● **Work task**: The listing that follows should be copied in full and exactly, with no pictures.

● **Supplied material**:
□ □ □ □ □ □ □

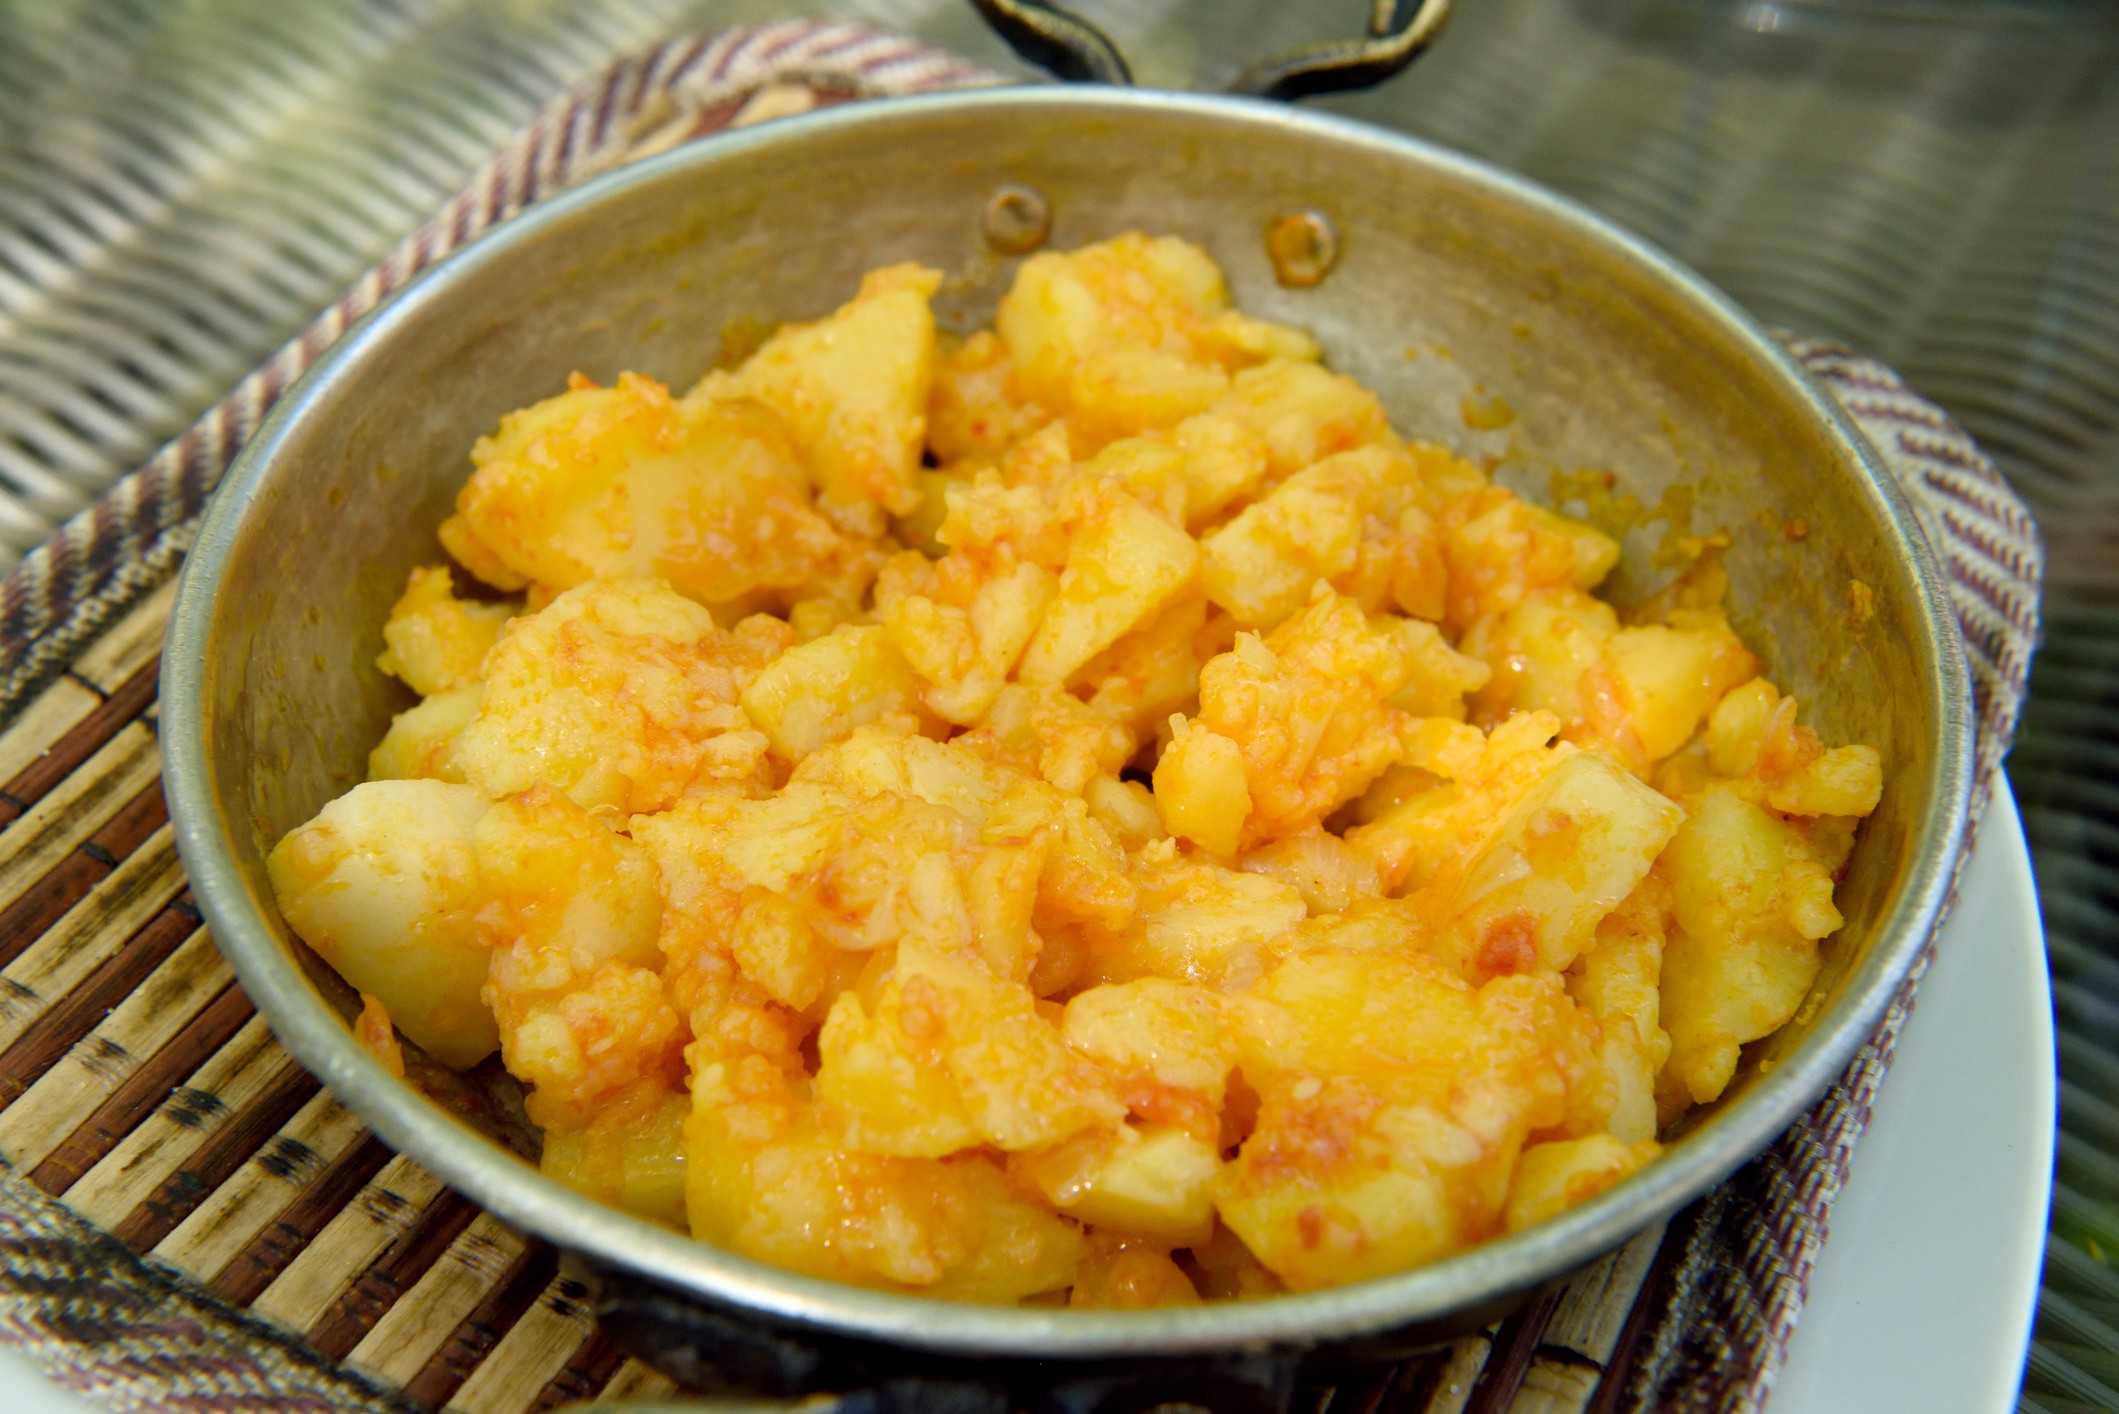 Cartofi răntăliți ardelenești cu usturoi, ceapă și ardei
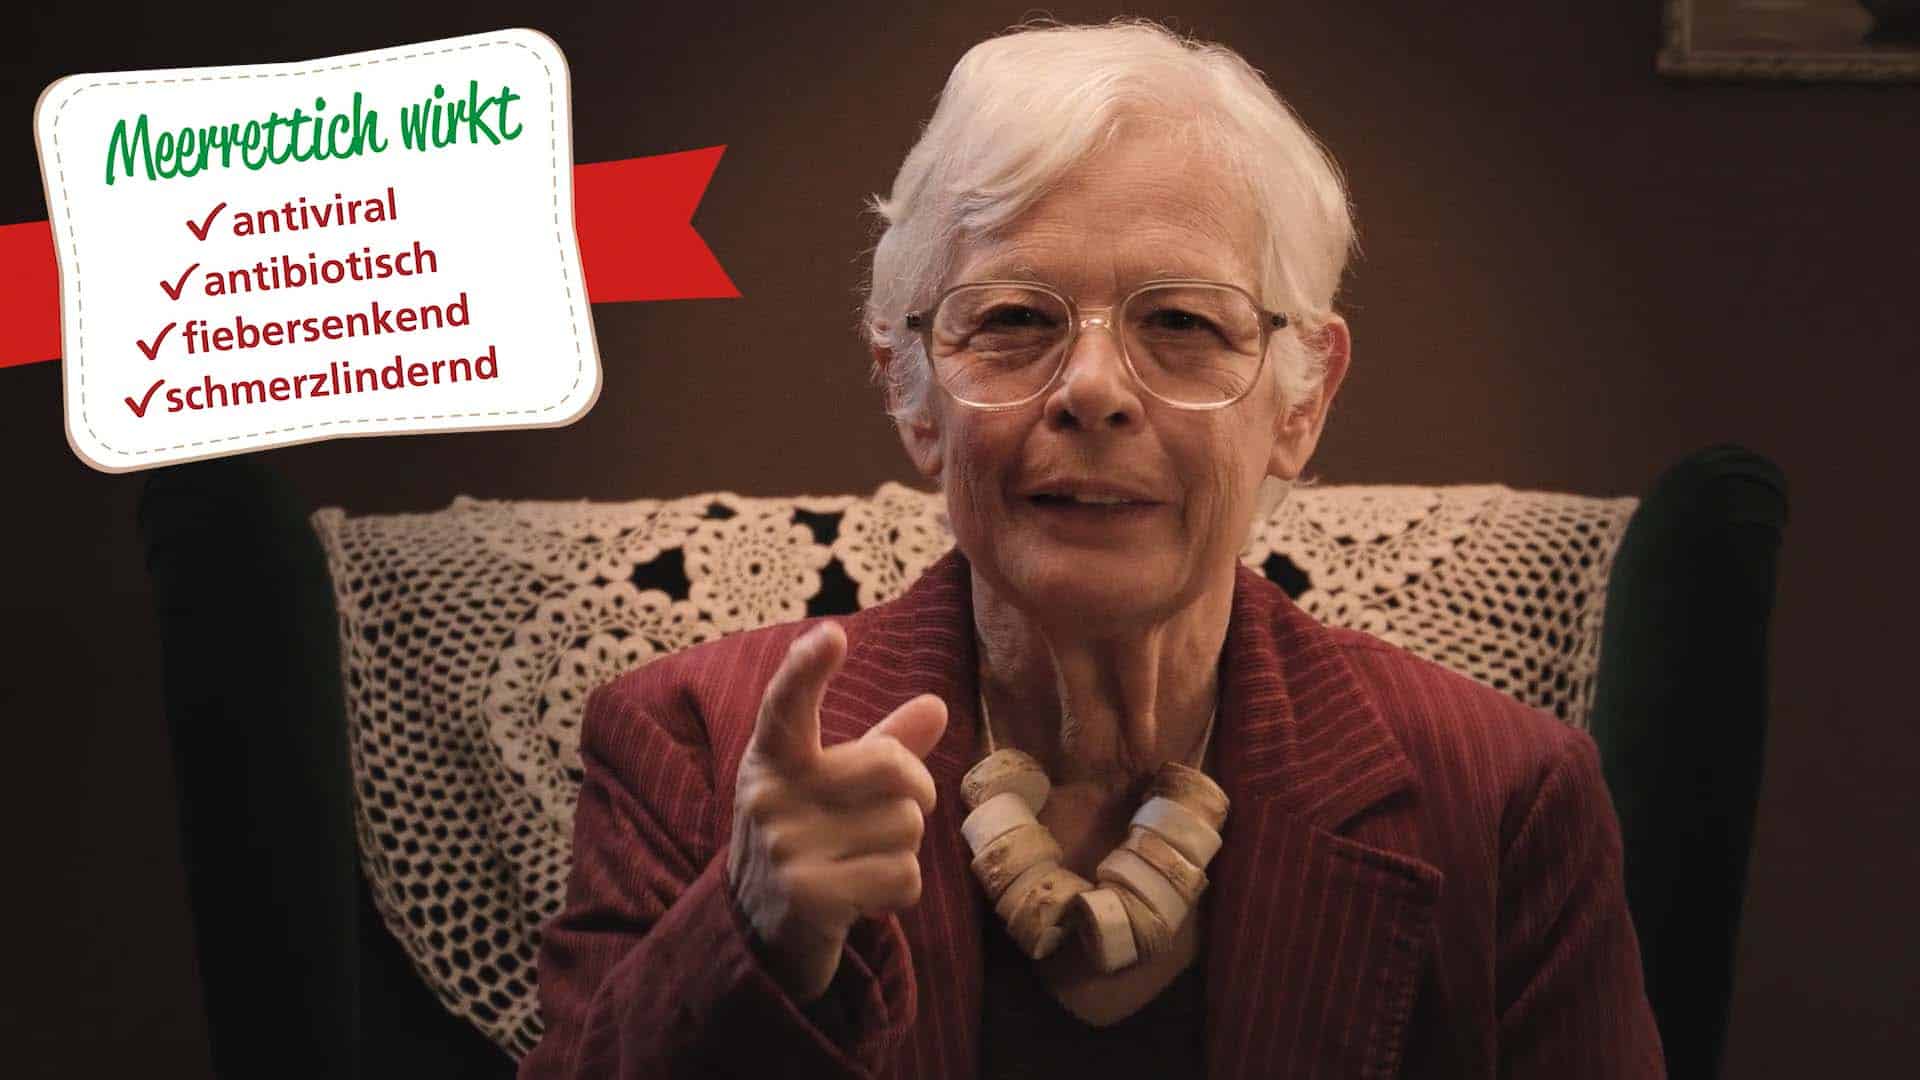 AOK Baden-Württemberg Adventskalender Filmreihe - Ältere Darstellerin spricht über Meerrettich Vorteile - Filmproduktion hawkins.film
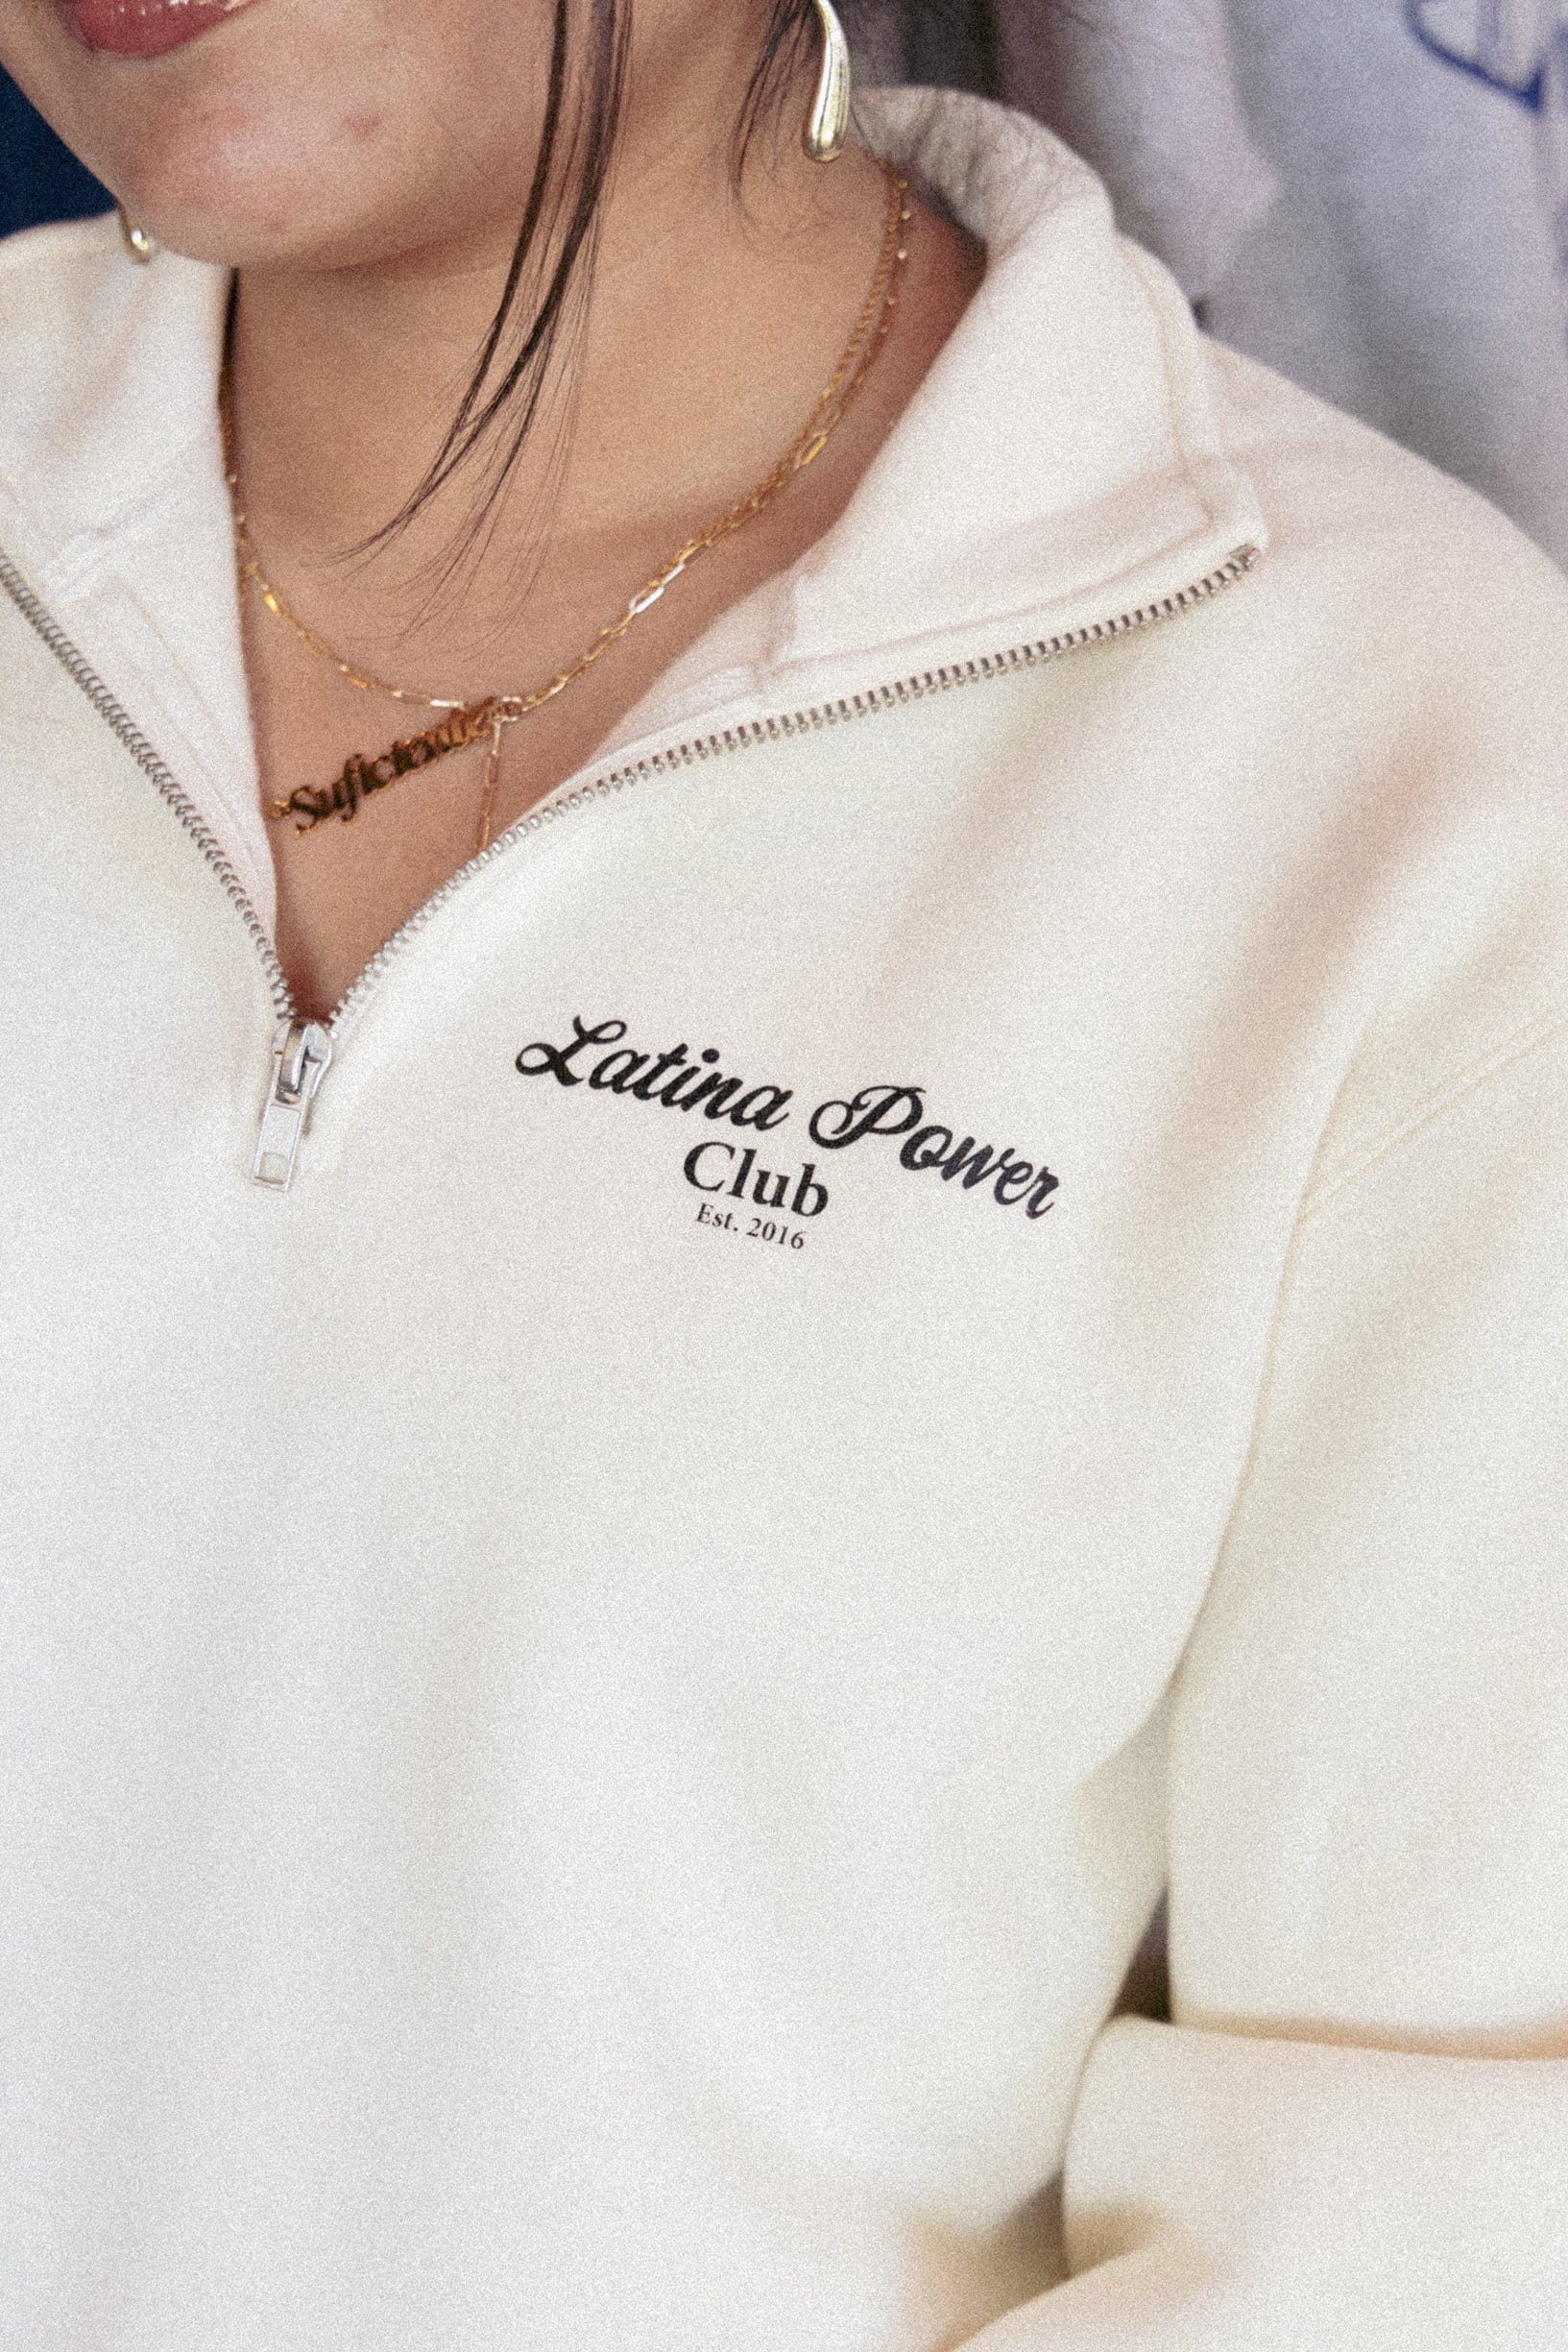 Latina Power Club Quarter Zip Sweatshirt - Unisex-Passform Geschenk Für Sie von JenZeanoDesigns

□ □ □ □ □ □ □

● **Solution**:
 Cartofi răntăliți ardelenești cu usturoi, ceapă și ardei
 AOK Baden-Württemberg Adventskalender Filmreihe - Ältere Darstellerin spricht über Meerrettich Vorteile - Filmproduktion hawkins.film
 Latina Power Club Quarter Zip Sweatshirt - Unisex-Passform Geschenk Für Sie von JenZeanoDesigns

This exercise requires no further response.